THE fall-out from last week’s story lasted right through to the weekend. The Glasgow Times duly printed those snaps of me having a few herbals with the swampies down at the Clyde walkway. The headings aren’t pretty. “Dope26” said the Daily Record, feeling rather pleased with itself. “Is this what you meant by going organic, Nicola?” said the smarty-pants Daily Mail. “The Grass is Always Greener at COP26 for senior Government adviser,” says The Herald (which is actually rather decent).

It was sweet of Ross in the FM’s Office to switch the news agenda for me, though and ensure that the arc of the story was stopped in its tracks.

“I’ve been nursing those snaps of Sir Alasdair at Tory Central Office for a little while,” he tells me. “Hopefully, it’ll take the heat off you.”

The pictures show Sir Alasdair and other unidentified personnel dressed only in their Masonic Aprons playing what looks like strip poker in a coke-fuelled partner-swapping frenzy. Euphemia, the wife of Sir Cameron Ross-Cameron, the Tory party donor and PPE manufacturer is cavorting about clad only in an ill-fitting Heart of Midlothian away top. It all looks absolutely glorious.

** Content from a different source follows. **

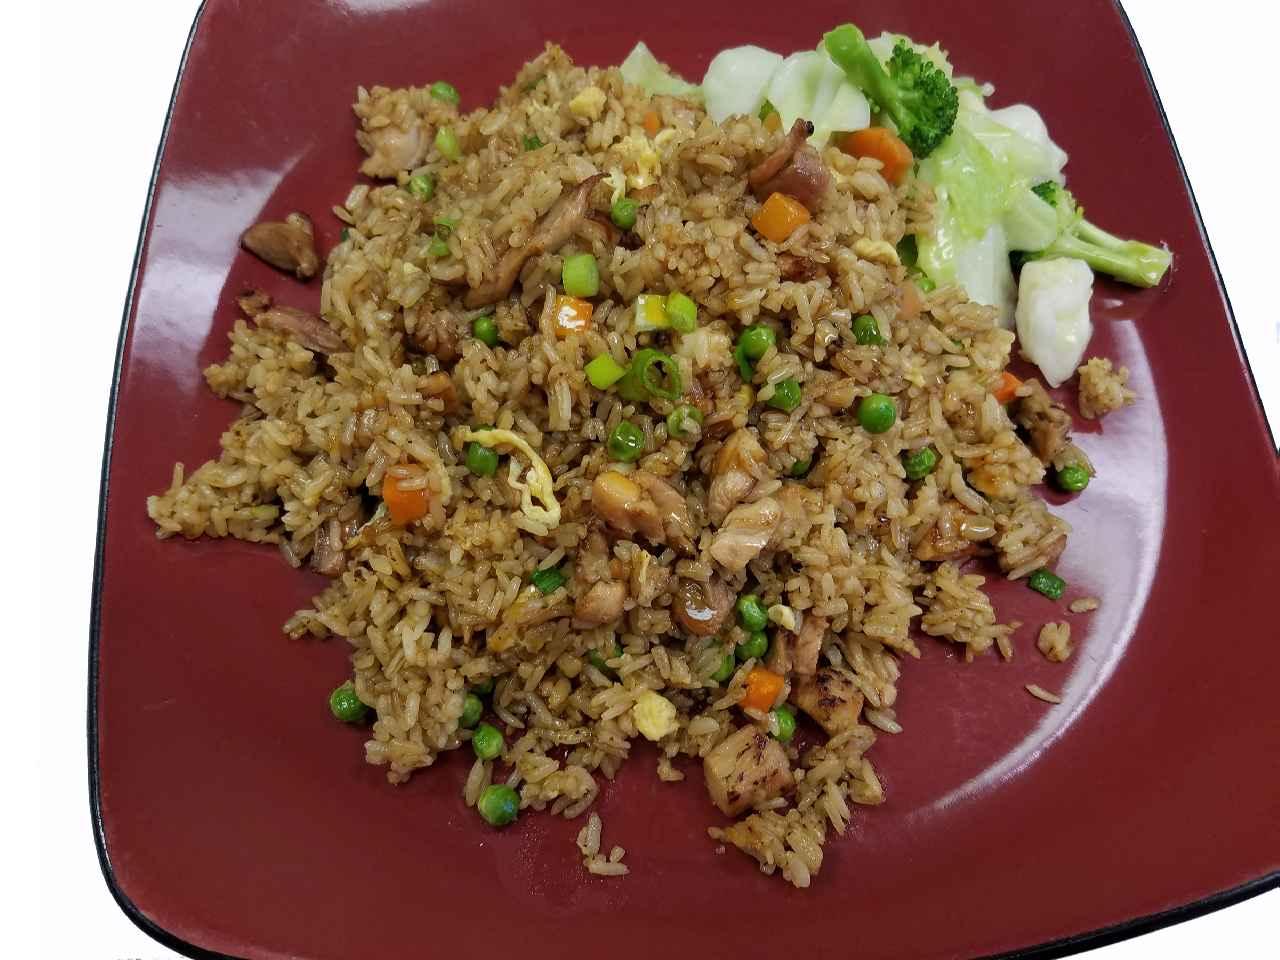 #8. Chicken Fried Rice

I’D doing prep for tomorrow’s press conference which will determine my future in the Scottish Government. On account of me being embedded here as a Boris Johnson spy it could also have a bearing on the entire future of the UK.

Nicola calls to re-assure me that if I can come up with a plausible explanation for my early morning encounter with the Bob Hope then I’ll be fine.

“Whenever someone’s in trouble like this I always invite the cabinet round for cocktails. We all then give our opinion on style and technical merit in the manner of Strictly and then give the verdict. Good Luck Rupert! I’ll be cheering you on.”


THE Scottish political and news hacks file into a meeting-room in the Crown Plaza Hotel, my pied-a-terre for the fortnight of COP26. Am I to be buried here too?

My God; but they’re a badly-dressed lot. There’s Hutcheon of the Record scruffy in Matalan which he always tries to pass off as Armani. And what’s McKenna doing here in his ridiculous-looking pinstripe coat? He usually tries to remain aloof from these sort of firing squads. And oh look … there’s Mandy at Holyrood magazine. She winks at me sweetly, but I know if I don’t pull this one off, she’ll broil me slowly in acid in next week’s column. She’s even wearing her special Crespo & Cavani scarf. At last month’s garden party she told me she always wears it for public executions.

I decide to go for broke with my opening statement which I hope will cool their jets.

“This has been a very stressful period for me, but I’d like to place it on the record that I’m opposed to all forms of drug-taking and consider it to be one of the greatest curses of modern Britain. I can swear irrefutably that I have never knowingly ingested any banned substances. Last week’s unfortunate incident on the banks of the River Clyde occurred owing to my other great commitment: reducing our carbon footprint.

“I’d been attempting to stop smoking and have some receipts from Boots the Chemist for nicotine patches to prove this. Sadly, in a vulnerable early morning moment I accepted what I’d been assured was a harmless herbal cigarette from a well-meaning stranger who said it had been produced by indigenous, artisan tobacco farmers on the steppes of Machu Picchu who’d brought it with them for COP26. I genuinely thought I was supporting sustainable agriculture methods in a developing nation as an alternative to the despoliation of the Amazon.

“These cigarettes, after all, have been sustaining the indigenous farmers of Latin America from the time of the Incas. I apologise unreservedly for my naïve and foolish behaviour.”

There is a pause when time seemed to stand still. And then … they all got to their feet and gave me a round of applause.

“That’s the best one yet,” says Tom Gordon at The Herald, his top three shirt buttons trying and failing, as usual, to find their intended holes.

Moments later it’s Nicola on the phone. “You were magnificent,” she says. “And you’ve become a symbol of hope for the carbon neutral generation. You are the poster boy for COP26. And I’m adding Sustainable Agriculture to your advisory portfolio. Bravo, young man!”


I TAKE a call from an unknown number. “This is the Peruvian Embassy in London. We’d like you to give our annual Cubillas Lecture in Lima next year on strengthening cultural ties between Scotland and Peru. We promise not to mention 1978.” I laugh nervously. What on earth does he mean?